Quantization library for PyTorch. Support low-precision and mixed-precision quantization, with hardware implementation through TVM.
MIT License
406 stars 83 forks source link

Questions with HAWQ/tvm_benchmark #14

Closed Junkyeong-Choi closed 3 years ago

Junkyeong-Choi commented 3 years ago

Hi, I'm about to run the test with "tvm_benchmark/test_resnet_inference.py" on Tesla V100 and compare the result with Tesla T4 device. However, I encountered some errors on building tvm.relay.[relay.build(..)]. I know this is natural consequences as README informs that the procedure is for NVIDIA T4 GPU for inference speed-up But my question is:

image

I would appreciate your reply. Any reply would be helpful for me.
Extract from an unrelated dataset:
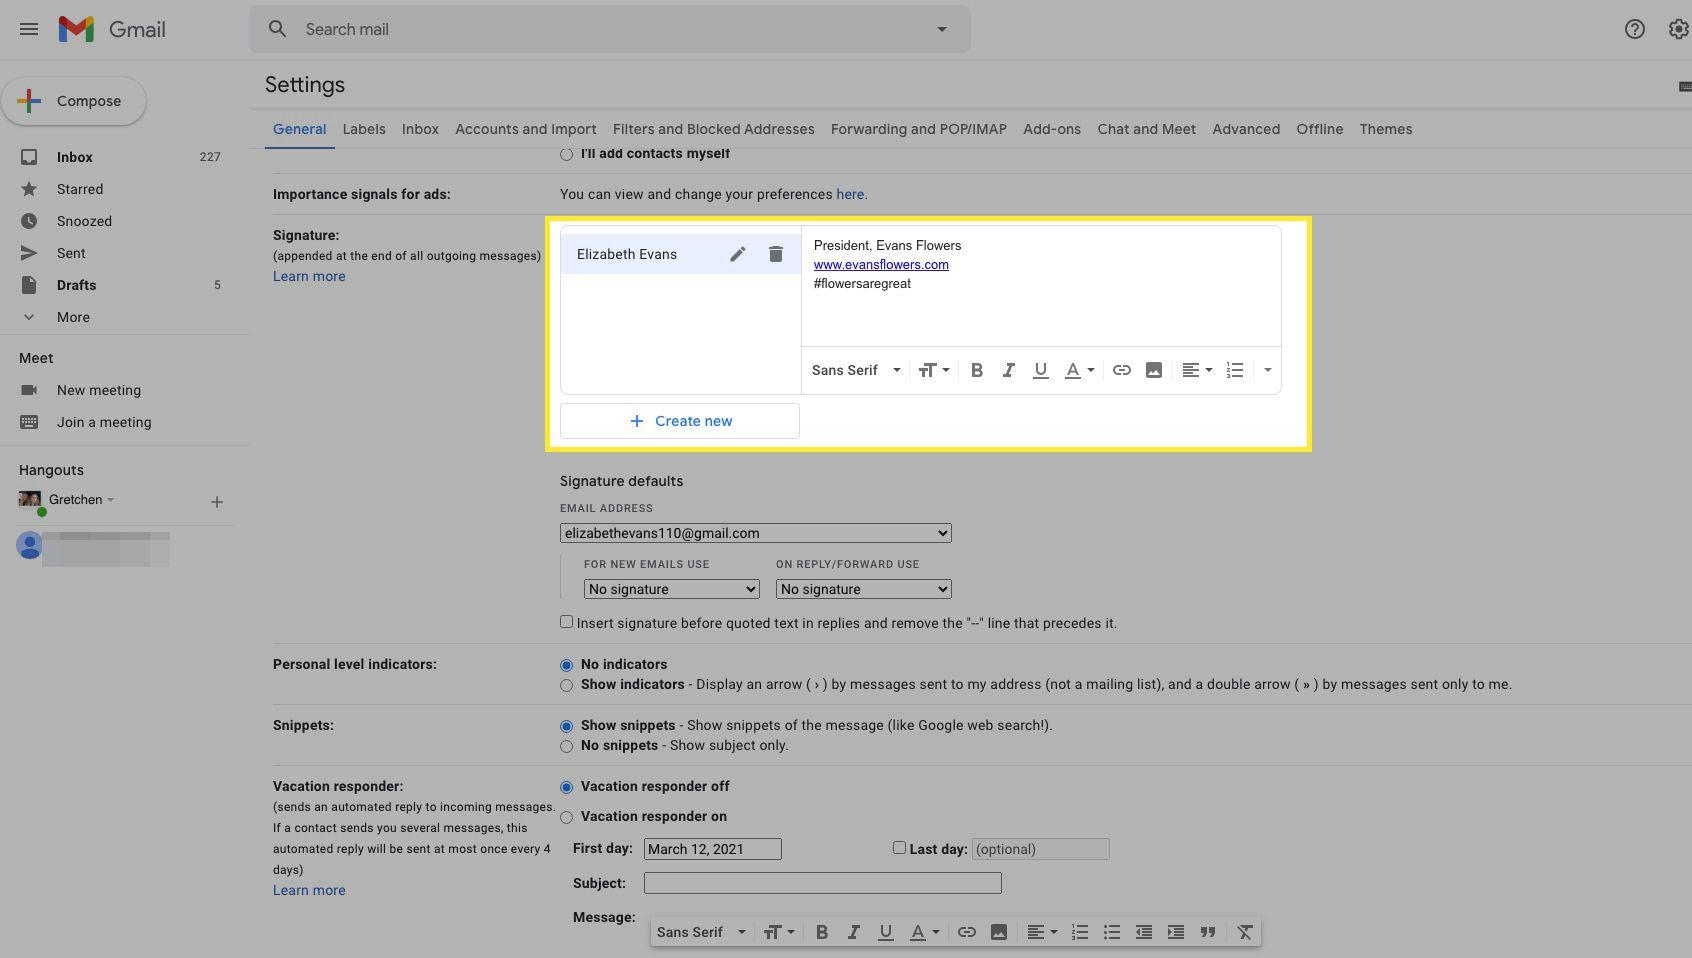 Gmail signature box highlighted

zachzzc commented 3 years ago

Hi @adwwsd ,

Thanks for your interest about this project!

Which part of the code makes GPU device dependancy? I guess it is due to int4 configuration on the code and using specific int4 branch of TVM. Am I right with this?

You are right, it is due to the INT4 configuration and not all GPUs support this. So far only the latest Nvidia A100 and Turing series support tensor core INT4 matrix multiplication.

Even if this is the case, I still got questions with the errors I got because the error was about nvcc compile error on the temporary .cu file with type error. Does nvcc have this much GPU dependancy?

Additionally, it worked fine with my T4 GPU server on the same environment except the device itself.

It looks like this GPU doesn't support INT4 tensor core intrinsics. Because eventually the computation schedule will call wmma CUDA intrinsics to calculate a small matrix multiplication, if this GPU doesn't support INT4 data type operation I think nvcc will report errors.

Junkyeong-Choi commented 3 years ago

Thanks a lot for your answer!